Fundamentally, at common law, there is no such thing as dual agency. To understand agency is to understand that there are certain fiduciary duties owed to the principal by the agent.
These duties include:
Disclosure
Obedience
Competence
Confidentiality
Accounting
Loyalty
To engage in a practice that permits or allows for another principal, such that there is an inherent conflict between the two is a fundamental breach of the agency arrangement.
It’s just wrong and the principal has remedies for breach of contract as against the agent.
Other agents go along with the rules. A lawyer will represent the plaintiff in a lawsuit, but not the plaintiff and the defendant in the same lawsuit. That would be rather absurd.
Having said this, the real estate industry has fostered the practice of dual agency and double-dipping for years. Now, it is called “multiple representation”. In fact, it’s an authorized practice for registrants under the Real Estate and Business Brokers Act.
However, that doesn’t change the basic rules.
It is sometimes claimed that a property manager might become an agent of another party in the following circumstances:
· A tenant may seek some additional concessions
· A new property owner may seek some confidential information
· A property manager discloses defects about the building to a prospective purchaser
· A property manager suggests that the owner might accept a lower rental amount than authorized to a prospective tenant.
In my view, the examples offered as situations wherein a property manager might find himself in a dual agency position, are incorrect.

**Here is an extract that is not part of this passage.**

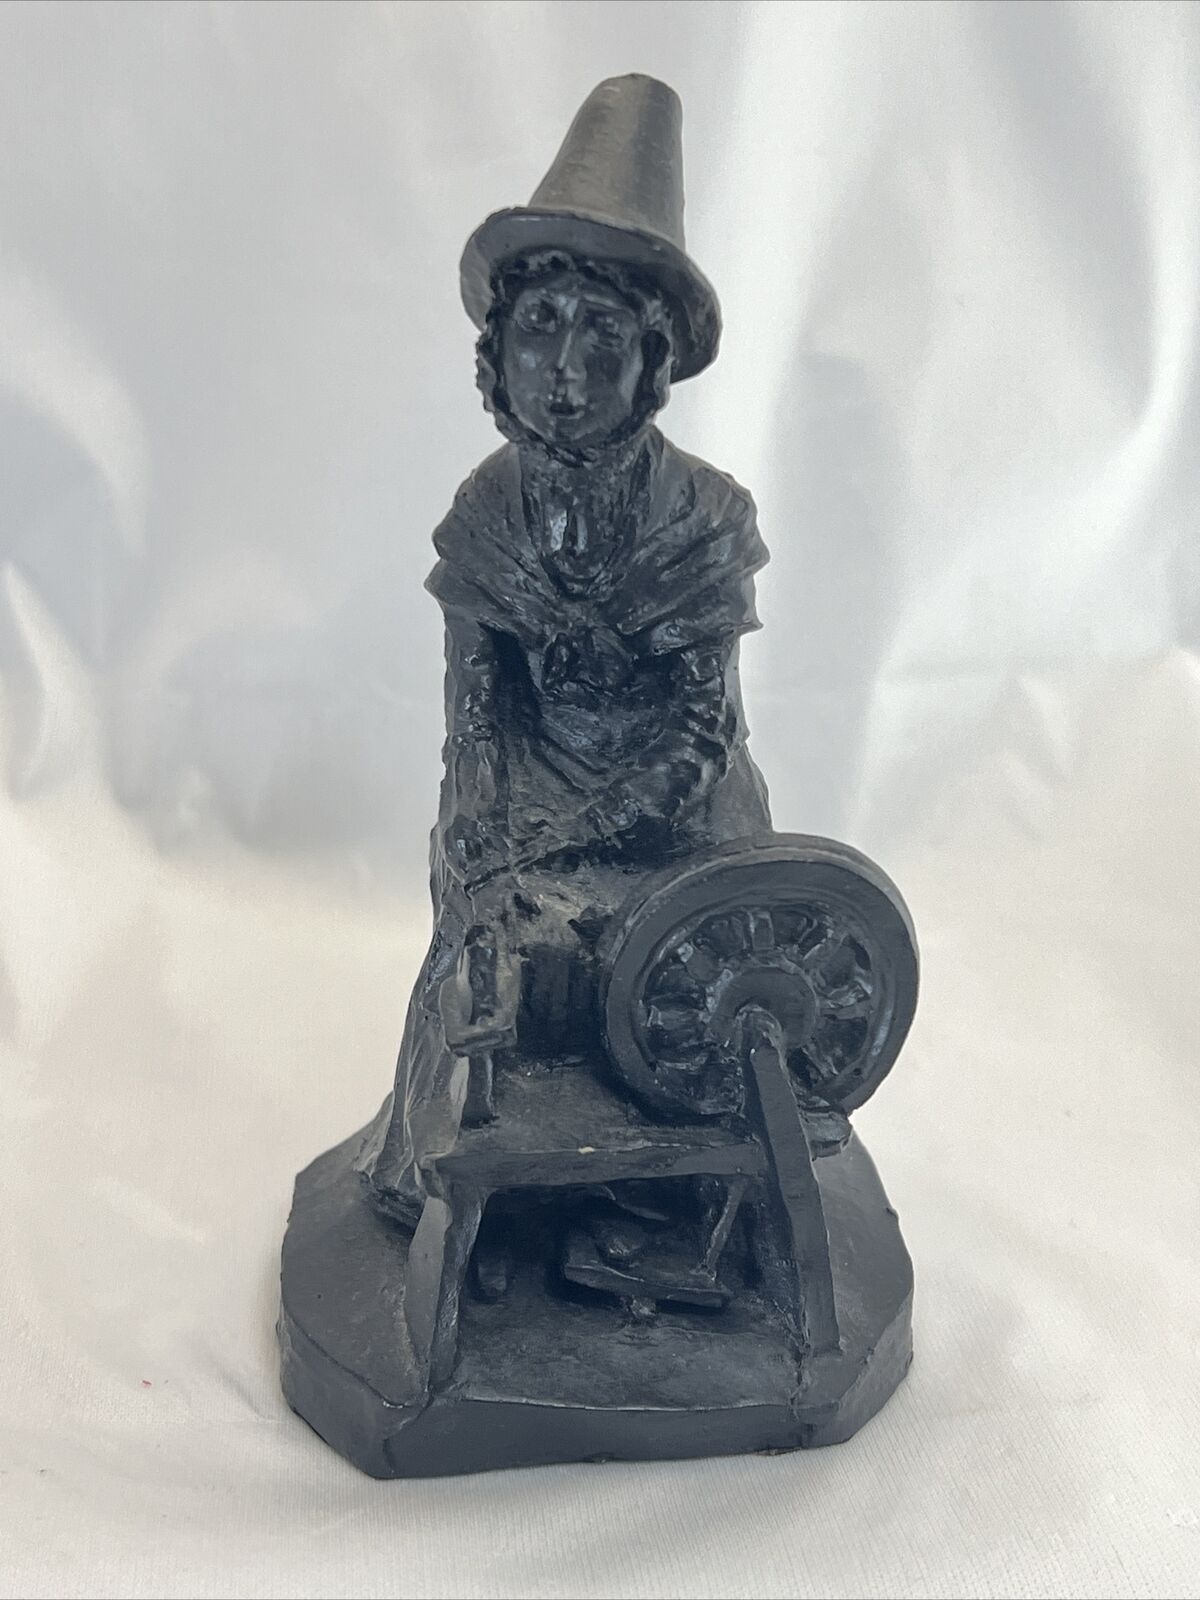 Wales Welsh Lady Coal Figurine  Spinning Wheel Made With Coal From Wales 5.5”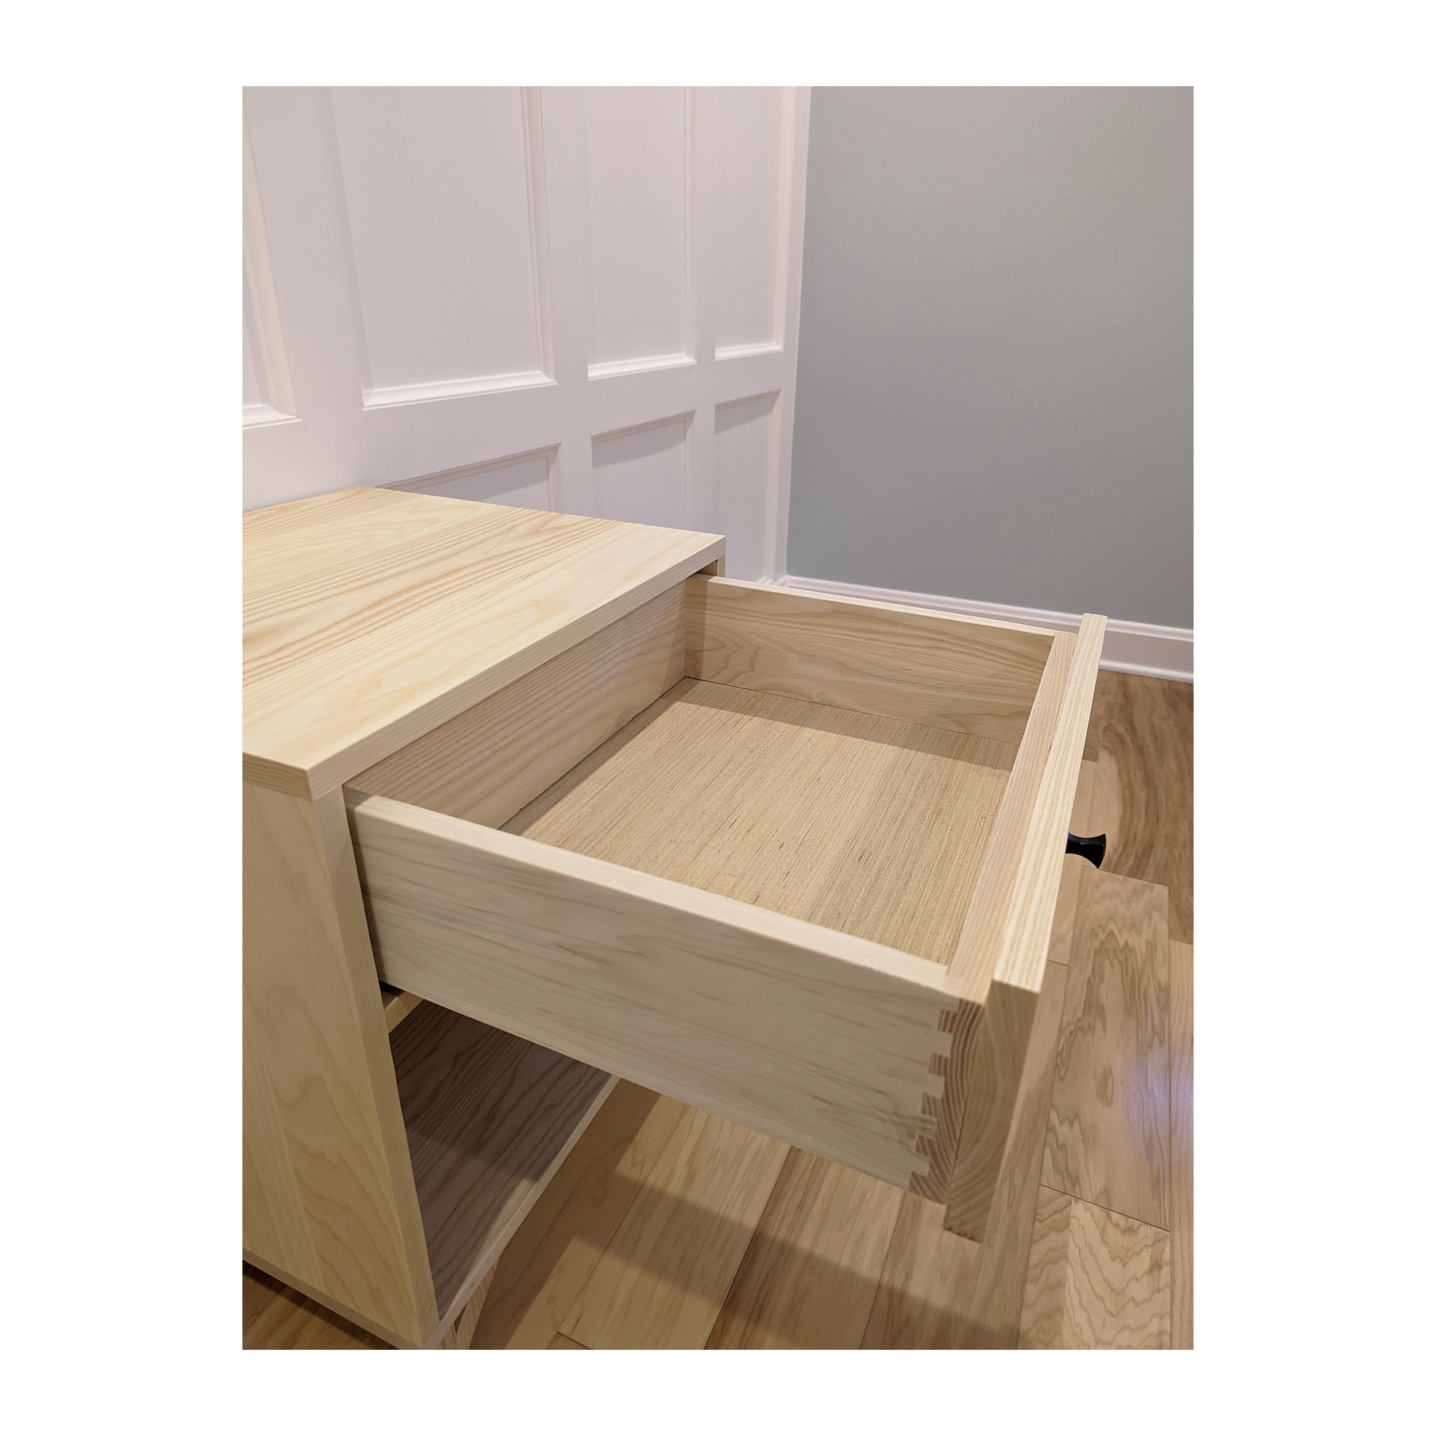 Ash bedside table with ash drawer--Made by 57NorthPlank Tailored Modern Furniture

There is no permissible overriding legislation (like REBBA). These examples are all just breaches of the agency relationship.
Before getting too detailed, there are two occasions at common law where one party may represent two distinct parties. In one case, the agent is actually called a “broker”, and owes no fiduciary duties to either party. In the second case, the agent discloses the possibility of the second agency, and it is approved by the first principal. The second agency agreement is subservient to the first agency agreement.
This is not the case with the Real Estate and Business Brokers Act. Both agreements are to be on equal footing. There is no equivalent statutory authority in the case of property managers.
Hence, in my view the discussion of joint representation and dual agency is not appropriate. Those rules do apply to registrants under REBBA but not property managers generally.